Swiss Re says premium fall halts and capital has returned
On an inflation-adjusted basis, global insurance premiums contracted by 1.1% to $4,066bn in 2009, which is less than in 2008, when they shrank 3.6%, Swiss Re reports.
Life premiums fell 2% to $2,332bn in 2009, while non-life premiums remained flat at $1,735bn. In most countries (66%), insurance grew faster than GDP, which shows the robustness of the industry, Swiss Re said.

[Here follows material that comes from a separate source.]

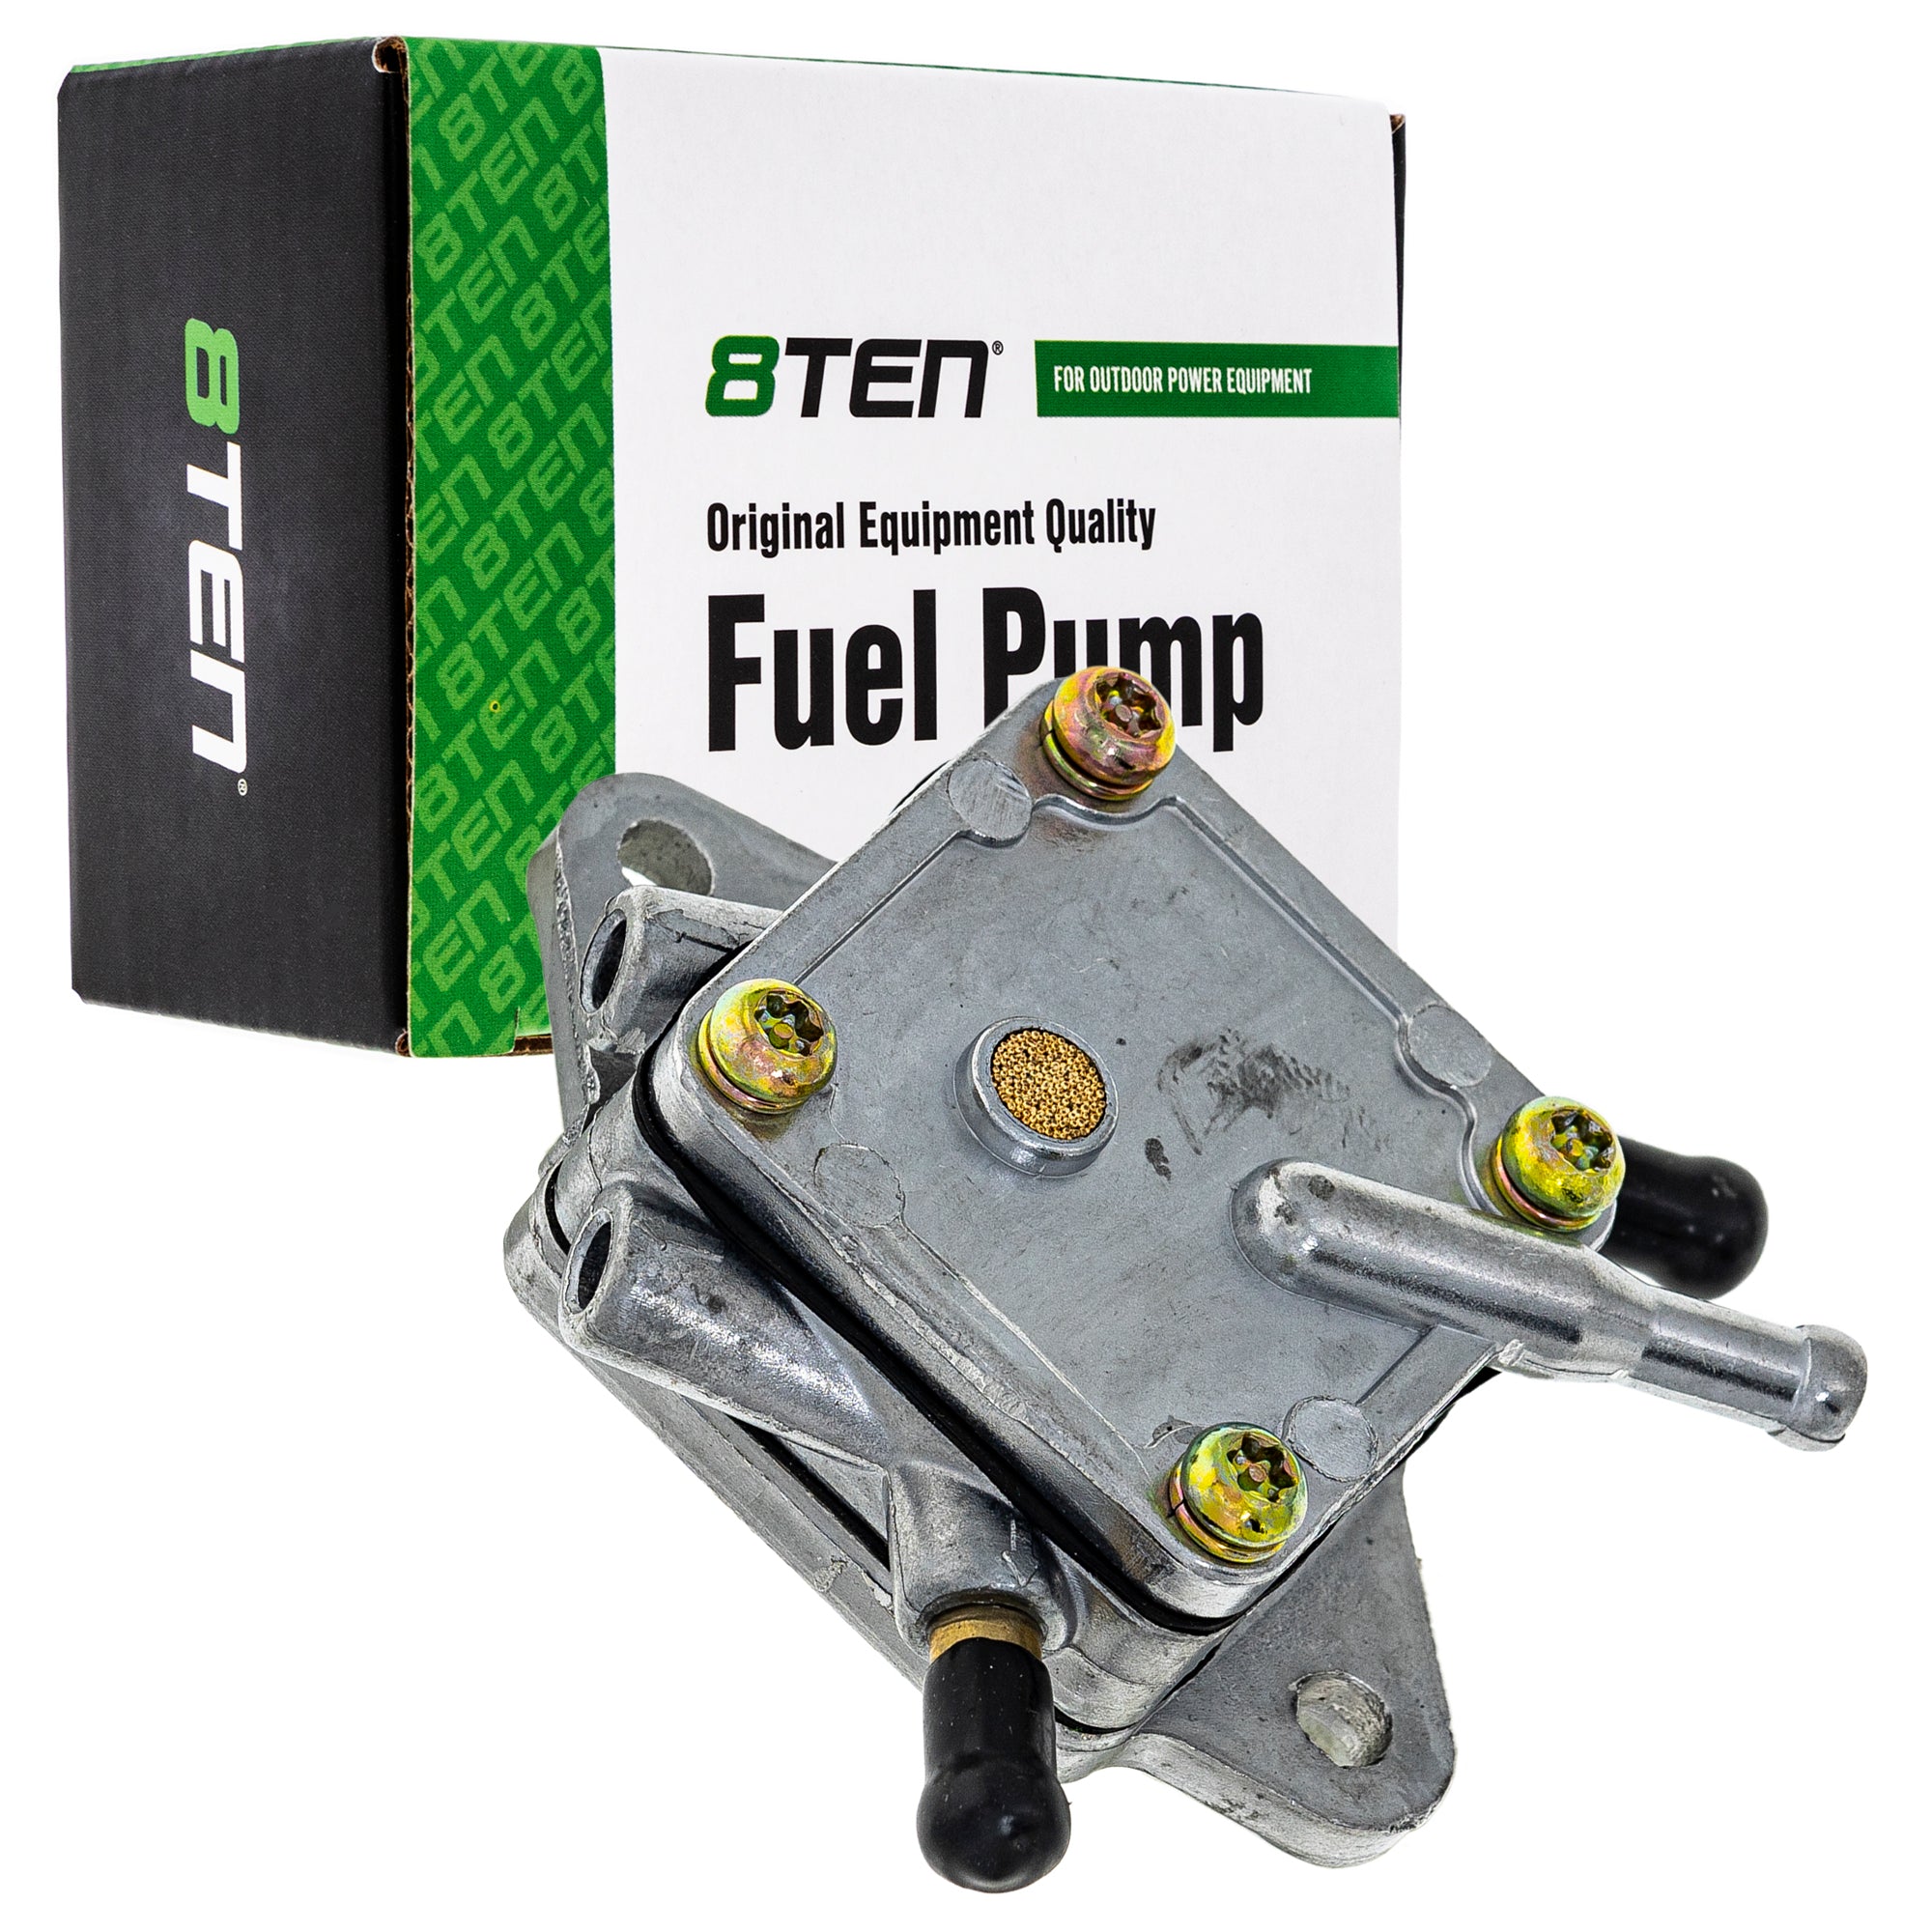 Fuel Pump Assembly for Honda 8TEN 810-CFP2247A

As credit and stock markets recovered in 2009, the industry was able to restore its capital base. Investment results and overall profitability also improved. For 2010, it is expected that overall premium growth will turn positive and profitability and balance sheets will continue to improve.
No shortage of capacity
During the financial crisis, the insurance industry continued to provide cover and pay claims. There was no shortage of capacity and premium rates did not increase. Unlike the banking sector, insurers did not receive government support in the form of capital or guarantees, except in a few cases.
During the crisis, non-life insurance was not significantly impacted. Despite losses on the investment side, insurers had more than enough capacity to meet demand.
Non-life premiums remained stable in 2009, falling just 0.1%. While non-life premiums fell in the US and Europe, they rose in the other regions. Given the sharp drop in GDP, this is a remarkable result, Swiss Re said.
Combined ratios
But combined ratios show that underwriting results have further weakened. In 2009, underwriting results in non-life turned negative, despite lower natural catastrophe losses and lower losses related to the US financial guarantee business, which had hurt underwriting results in 2008.
Lower prices in non-life hurt profitability in 2009. But overall profitability improved due to the recovery of credit and equity markets. Shareholders' capital also made a strong recovery. In many countries, capital had almost returned to its pre-crisis levels.
Non-life premium growth in the industrialised countries is gradually expected to rise. The continued pressure on rates will hamper profitability and limit premium growth. As interest rates are likely to stay low in 2010, investment returns will be adversely affected. Overall profitability and return on equity (ROE) will be below average.
This study is based on information from 159 countries.